I changed my air filter to a K&N air filter which seemed to help a little bit. Then just recently I got the exhaust from the engine to the catalytic converter replaced under warranty (I just bought mine a month ago) and it doesnt seem to vibrate at all now when stopped in drive.


----------



## quadraria10 (Jul 6, 2010)

Just saw this post, and wanted to share my experience. I used to have a vibration at stops, that I could eliminate by putting the transmission into neutral. After doing a manual double drain and fill of the auto transmission fluid, no more vibration or rough idling whatsoever. I used the Castrol ATF for imports including Nissan. It also shifts beautifully. The Nissan service manual specifies to do drain and fill and repeat if fluid is still dirty. I did my second drain and fill a week after the first. By my calculation this means I have replaced approx 65% of the original ATF. Was going to do a third change to get to 80% or so but I got busy and then weather got cold. I will do another drain and fill when summer comes.


----------



## ckdub (Feb 11, 2014)

Did you require a new tranny drain plug washer in your flush? Plan to do in spring. Thanks


----------



## quadraria10 (Jul 6, 2010)

Says to in the manual, but when I called the dealership to get one, they said they would have to special order one, and added that they just reuse the old one. Nothing special about it, just a thin brass washer, but I do not know the exact size. I just reused my existing one. Checked for leak later and its fine. Good luck with it. Really makes a difference. I think it refreshes the lubricants and cleans the torque converter a bit, and consequently the torque converter runs smoother without the annoying vibration.


----------



## ckdub (Feb 11, 2014)

Thanks for the input. I'm def. going to do it this spring...110,000km so good time to that - looking at the Castrol Import or Valvoline Maxlife which both seem compatible...

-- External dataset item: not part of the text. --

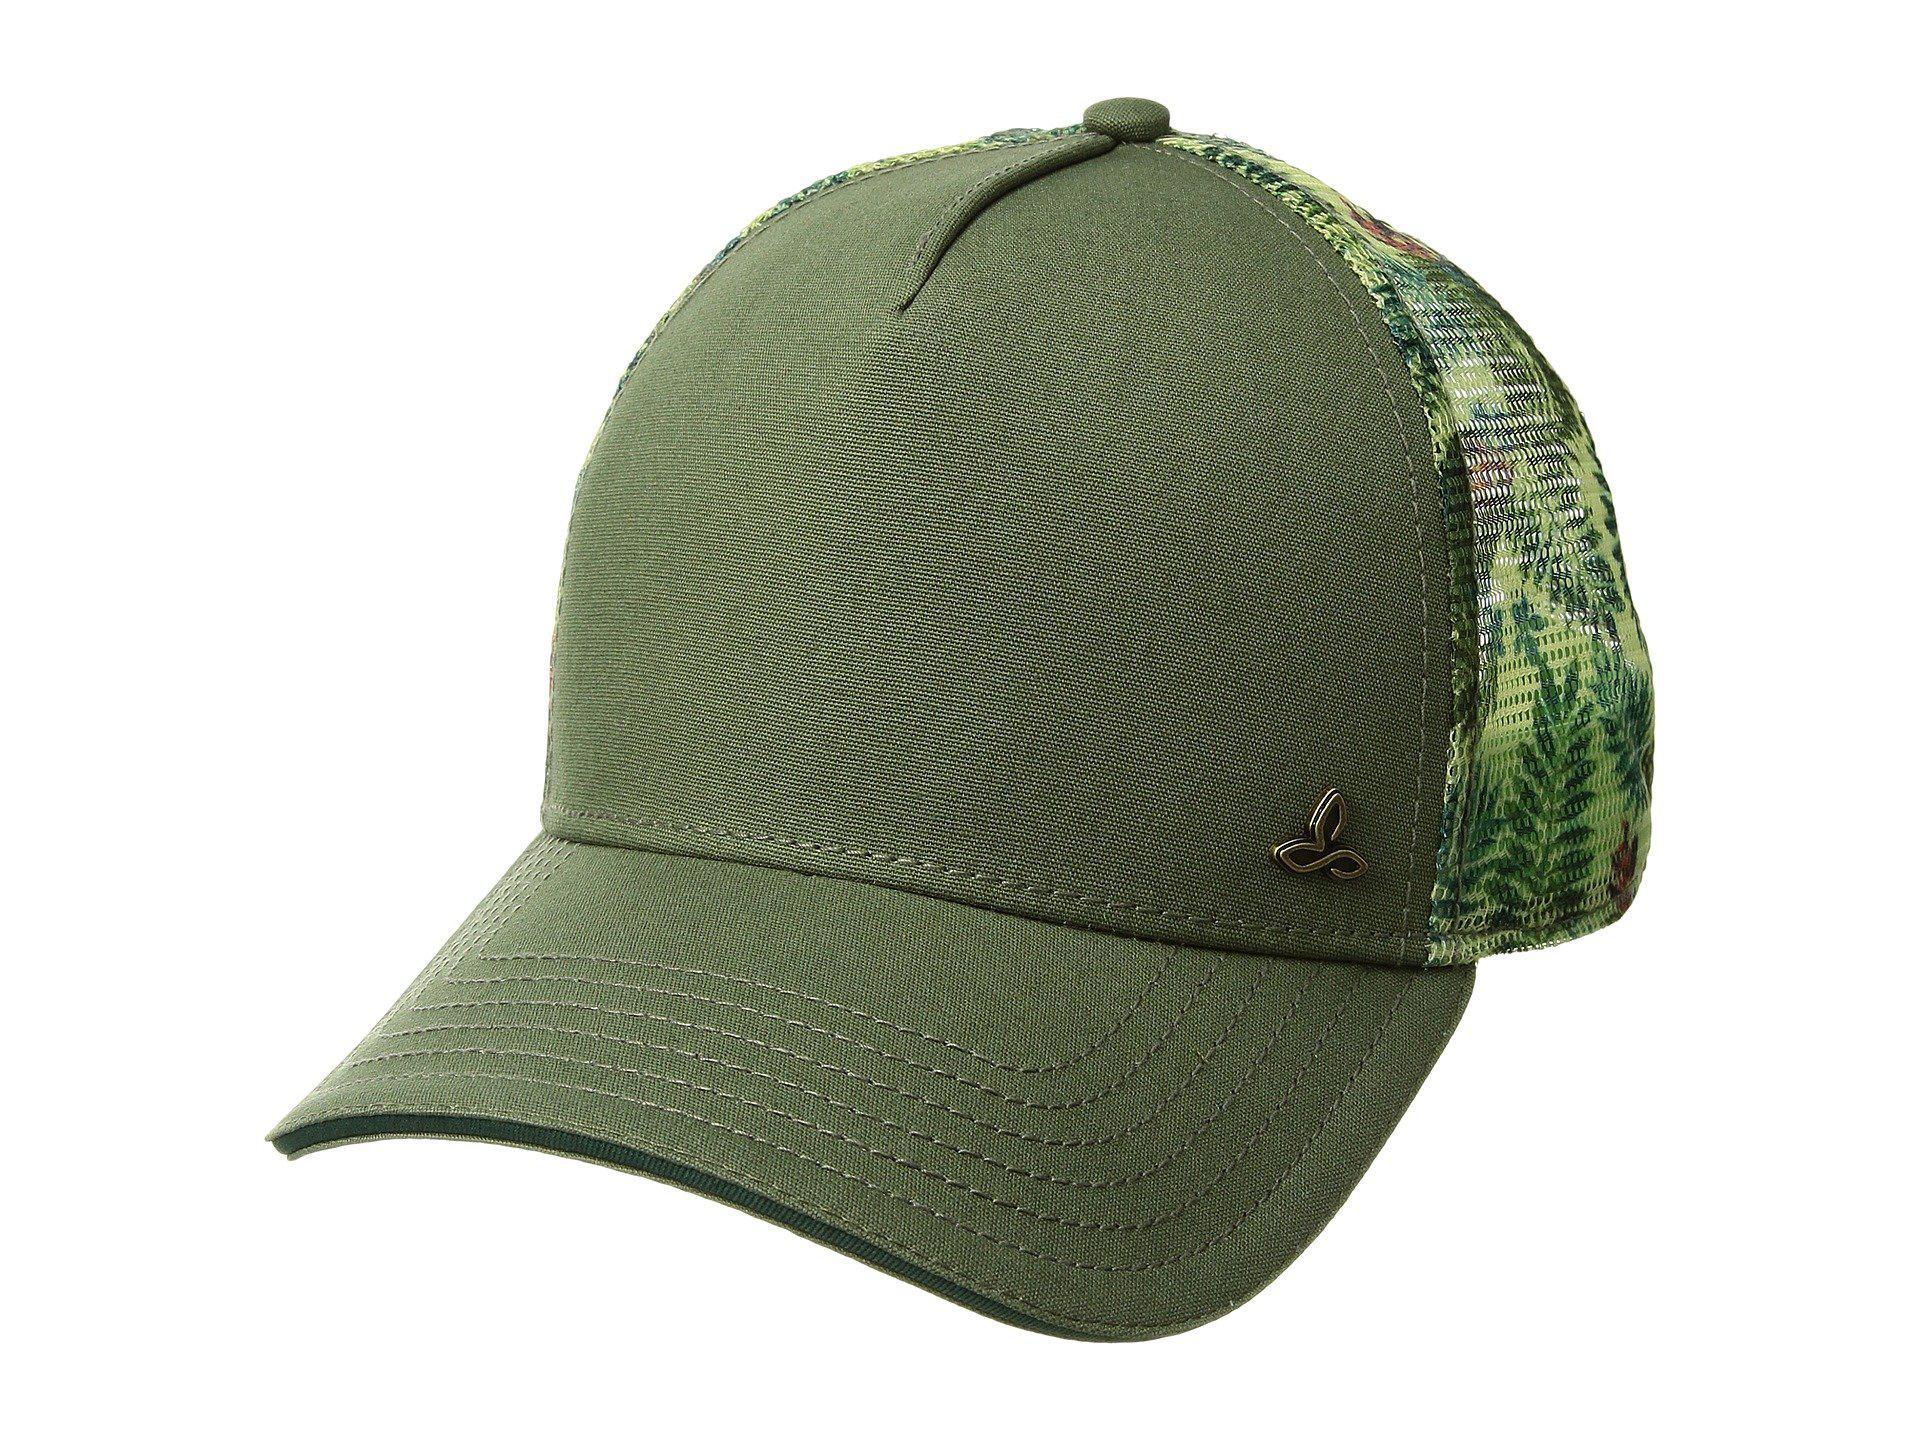 dbf37f823bd89 Lyst - Prana Idalis Trucker Hat (turtle Green) Caps in Green

Then maybe look into coolant drain/fill... now's the time to ensure this drives another 110,000 or more... that I think I need genuine nissan coolant?

Wonder if time to do transfer case or rear diff fluild. I will do a search to see if there's any DIY instructions for those items.


----------



## rogoman (Dec 16, 2004)

glom said:


> Hello all,
> 
> i am new to this site. I took my 2005 xtrail 123,000 km 2.5 engine for an oil change and maintenance package 2 (canada) with dealer. ended up getting a transmission flush, interior cabin filter change, brake clean up/lubrication and tires rotated. Problem is before i brought the car in it purred like a kitty and drove great NOW
> 1. eratic idling when in drive but stopped and engine rattles
> ...


From reading your post, it sounds like maybe a cylinder is not firing. How does it idle when in park or neutral? You might want to do an ECU code readout to see if any fault codes got set.

I try to tell people to avoid doing A/T flushes unless absolutely necessary. Many times flushes introduce new problems.


----------



## ckdub (Feb 11, 2014)

rogoman said:


> ...
> 
> I try to tell people to avoid doing A/T flushes unless absolutely necessary. Many times flushes introduce new problems.


How/when can you tell it's absolutely necessary - until then just top up as required?? Or are you mean avoid the flush and opt for less invasive drain/refill a couple times?


----------



## quadraria10 (Jul 6, 2010)

I would stay away from the flush as well, but nothing wrong with doing a drain and fill. Just make sure you use appropriate transmission fluid. Re coolant I used Prestone multi vehicle for Japanese cars. For front transfer case and rear differential used Valvoline Gear oil. If your coolant has never been changed, I would say its due now. I would stay away from places that flush and then recycle and condition the coolant. Probably not as bad as Transmission flush in terms of risk of damaging your vehicle, but I am convinced its not as good as using fresh coolant. Front transfer case gear oil is worth changing. Mine was filthy and degrading. Unlike the rear its a pain to get at, and I suspect many owners neglect having it changed.


----------



## rogoman (Dec 16, 2004)

ckdub said:


> How/when can you tell it's absolutely necessary - until then just top up as required?? Or are you mean avoid the flush and opt for less invasive drain/refill a couple times?


Just avoid the flush and only do a drain/refill like every 30,000 mi. If the A/T is just not working correctly and everything else was tried, then as a last resort, a flush might be warranted.


----------